Соседи по поезду спят. Гранатовые шторы подоткнуты по углам, скручены в узел, берегут от настойчивого света утомлённого пассажира. Но ухищрение не помогает, и в узкую щель солнце протягивает свою золотую руку к другой, чужой, что покоится на одеяле и бела, как восковая. Как неживая.
Картины за окном сменяют друг друга живо, подвижно, так же быстро и резко, как летят кадры старой кинохроники. Мы несёмся сквозь поля, леса, города, оставляя в них людей, как Гензель и Гретель оставляли хлебные крошки в надежде вернуться домой. Дорога из судеб.
Земля тут плоская, что поднос для пирога. Лишь изредка встречаются овраги: узкие и глубокие, они вгрызаются в почву старыми морщинами. Частные дома рассеяны по долине, отстранены, отдалены друг от друга – белые стены, кирпичные шиферные четырёхскатные крыши, миниатюрные окошки под козырьком. Они растут на сухой песчаной почве белой грибницей, а потом теряются в золотых травах, исчезают в белой крупе снега.
И вроде всё то же, но – чужое. Это ощущаешь, как отсутствие тепла в поздней весне.
От зимнего ручья поднимается чешуя молочно-белых холмов. Где-то там, наверху, по их силуэту начинается лес. Заходящее солнце прорывается сквозь передовую деревьев, земля делит их строй на чёрный – тот, что стремится вверх, и точно такой же синий: он уходит вниз и купает верхние ветви не в небе – в воде. Всякий, кто идёт сейчас по лесу, попадает в Зазеркалье: здесь тень перестаёт быть марионеткой и начинает жить, не обращая внимания на обстоятельства.
Тут нет обыкновений и условностей. Форма обволакивает, упорядочивает, сдерживает, как сковывают реку в корсет берега, но там, где блестит проплешинами водная гладь, - там катаются упругие волны по поверхности геометрическими образами, сверкают грани слюдяной мозаикой и тонкий лёд дрожит сахарной пудрой. Река не дремлет: вода течёт по руслу, гонима руслом, будто кровь, несущая по венам кислород. Невидимый для глаз, укрытый снегом, как щитом, струится-крадётся по речной долине водяной дракон – искусно, обыденно, привычно. Как и прежде. Нет смысла вглядываться в форму: лишь суть неизменна.

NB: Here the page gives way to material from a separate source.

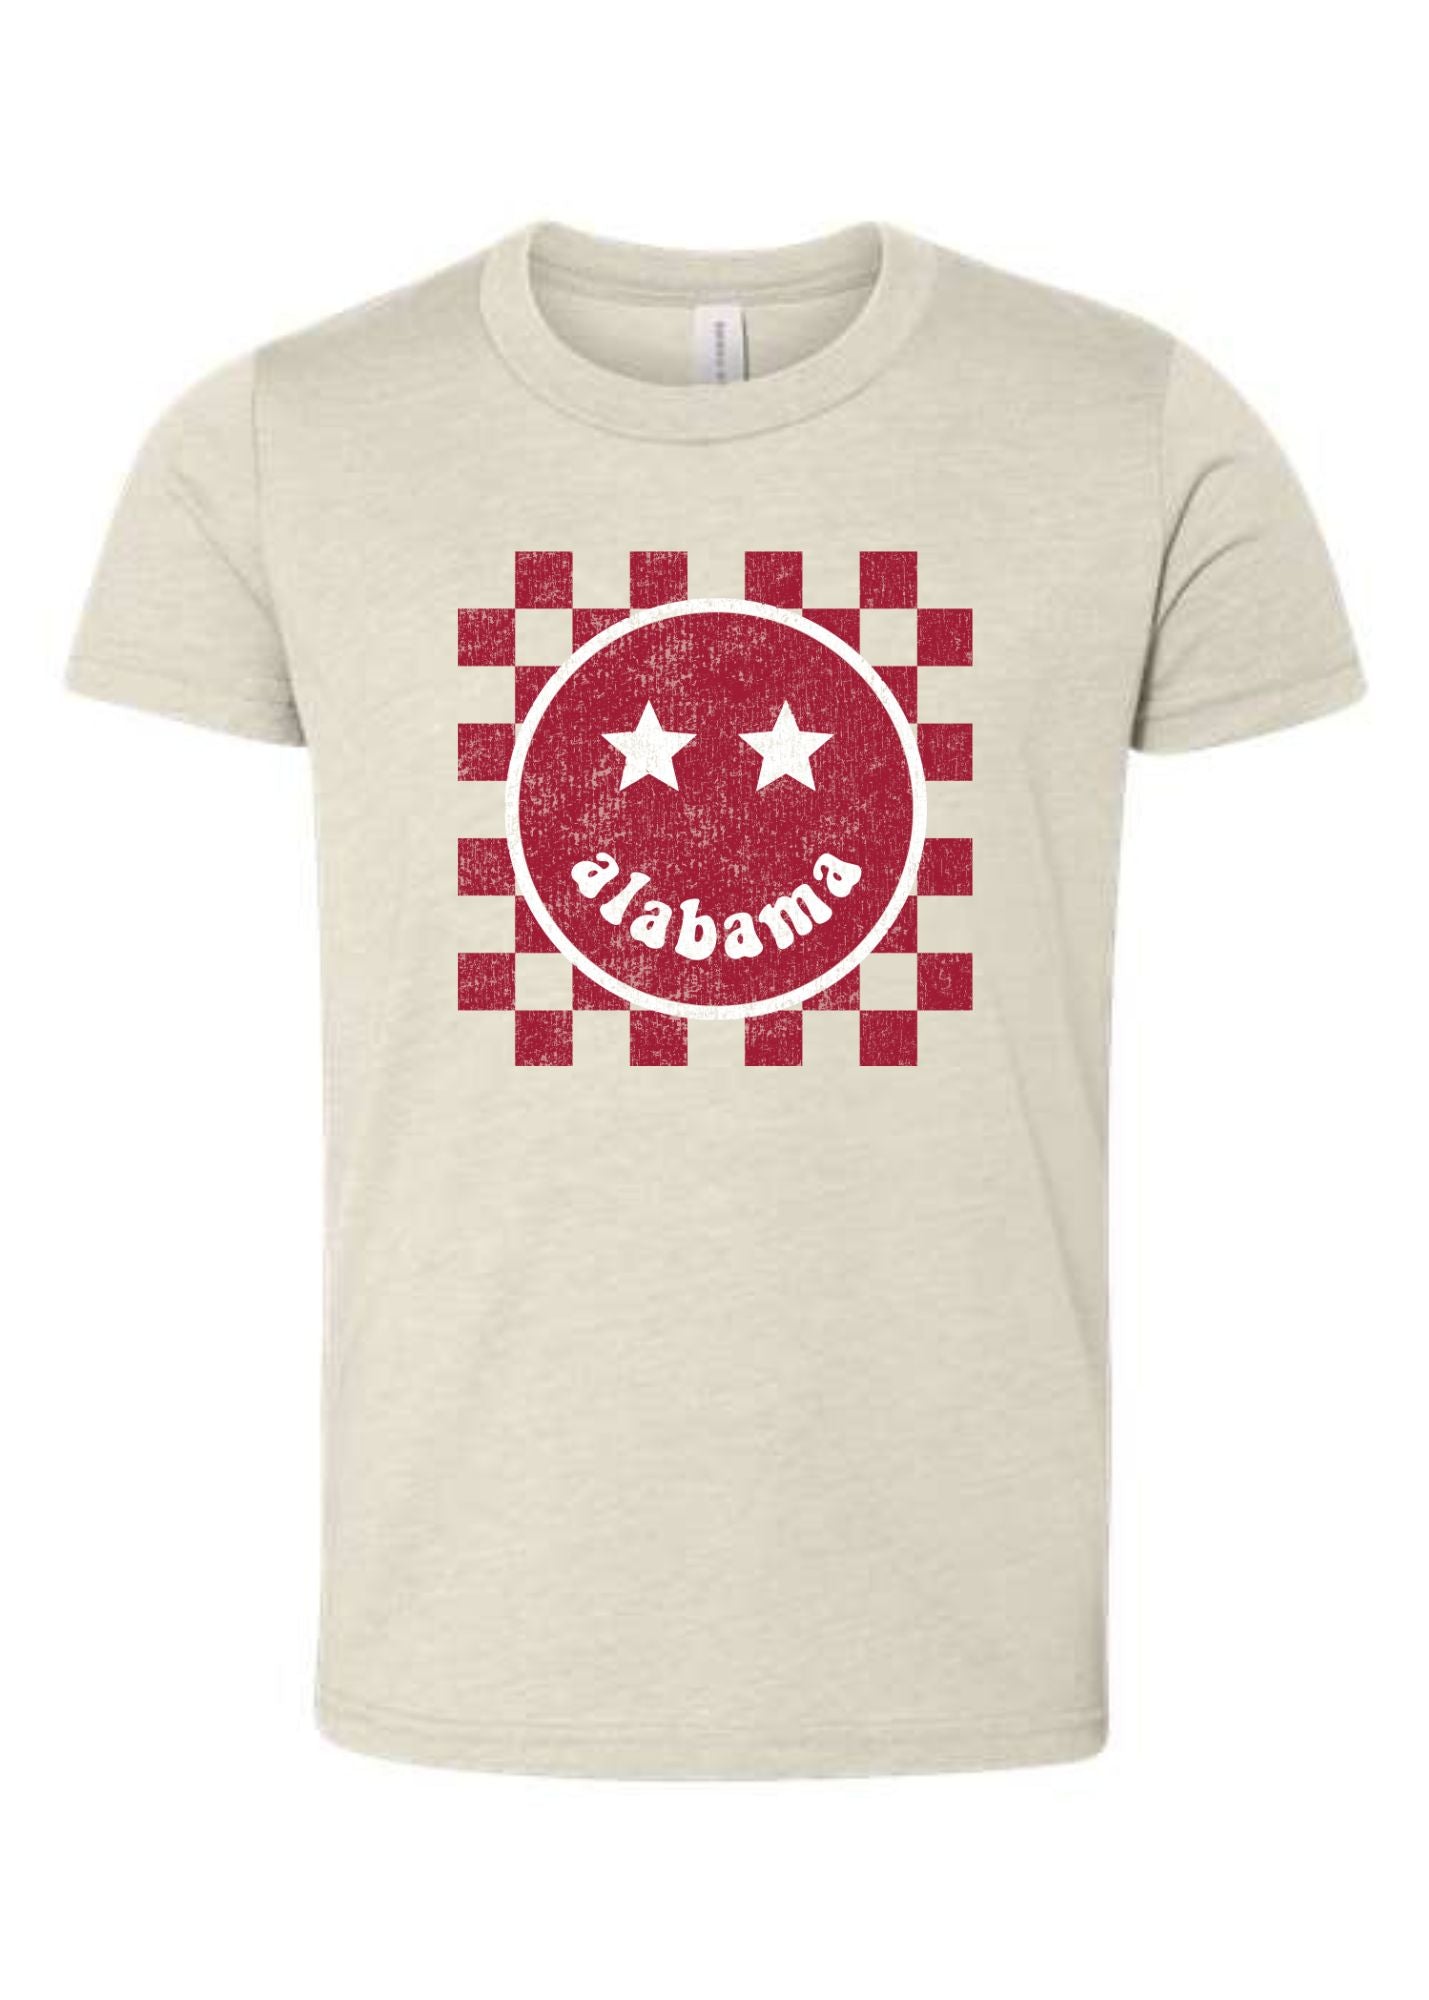 Alabama Happy Checkered | Tee | Kids-Sister Shirts-Sister Shirts, Cute & Custom Tees for Mama & Littles in Trussville, Alabama.

Ветер силён. Здесь мало, почти нет снега и вместо него порывы ветра подхватывают песок. Летом он змеится по улицам выцветшими барханами, собирается у бордюров, зимой – останавливается, засыпает, замерзает пластами хрусталя в инеевых узорах. Невероятное сочетание: стоит только растопить душу льда, как она рассыплется золотым прахом.
Несмотря на уличный холод, в квартире необычайно тепло: окна выходят на солнечную сторону, и в отсутствие преграды из деревьев и штор солнце не греет – жарит. На балконе образовался парник, где армия цветов объявила перемирие горшкам съедобной зелени, где набухают зелёным гроздья карликовых помидоров и вот-вот собирается зацвести лимонное дерево. У входа дополнительно примостился небольшой вентиляторный обогреватель, по углам провода сплетаются в гирлянду, чтобы выплюнуть свет из пары лампочек по вечерам. Электрическое солнце крошится пылью на листья, тонет в оконных занавесях. Изредка балкон проветривают, и тогда медленно, аккуратно мороз крадётся от форточки вниз, к полу, в комнату, как лиса – в курятник. Но если форточку не открывать, то тут, где тепло всегда и холода не бывает, легко забыть, что за окном скалит клыки зима.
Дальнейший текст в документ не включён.